There are several differences between using a GPIO pin as a binary data pin and using one as a PWM pin, and the behavior depends on several factors:

  1. Is the PWM pin a native PWN pin with hardware support, or is the PWM function being implemented with software?
  2. Has the PWM pin been initialized as a PWM pin?
  3. What processor type is used?
  4. What is the PWM frequency?
  5. Is the pin a TTL compatible output [0.4 V low, 2.7 V high]? CMOS? What Vcc?
  6. For that matter, what is the CPU?

As @0scar points out, the fan control pin is typically not connected directly to the fan, but instead uses a FET to provide isolation and switch more current than the output pin can provide. Depending on the circuit, it may be inverting or non-inverting. M42 Pxx S255 may be full on or full off. When the fan is controlled through the fan G-code, the firmware can take possible inversion into account.

You haven't said what the input circuit to the laser involves.

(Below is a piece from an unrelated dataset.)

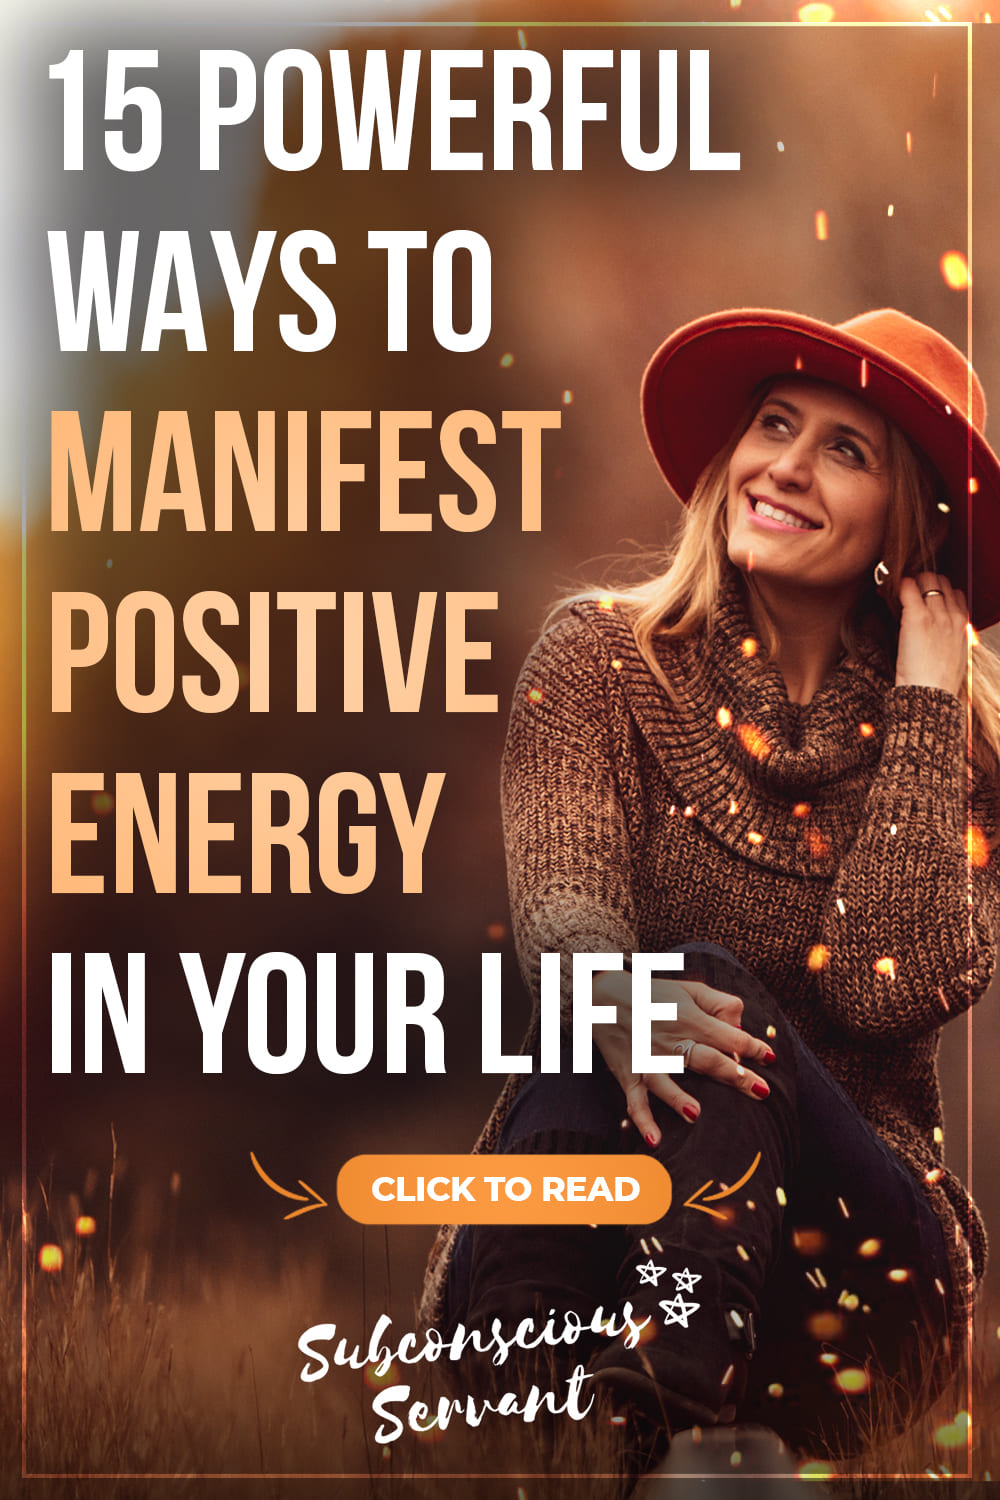 15 Powerful Ways To Manifest Positive Energy In Your Life

  1. It is active high or active low?
  2. Does it require a pulse train to keep the output on, or is it static? I don't know how yours works, but I could imagine designing a laser module to require a continuous stream of pulses to keep the beam active so that a failure in the drive circuit could not create a safety hazard.
  3. Is it a TTL compatible input [0.7 low, 2.4 high]? CMOS? What Vcc?
  4. Is it something else?

Laser etching is generally on-topic for this group given the close association with 3D printing tech, but people are less familiar with the "standard systems". For some of us to be helpful (especially for me to be helpful) we need more of the circuitry and firmware context.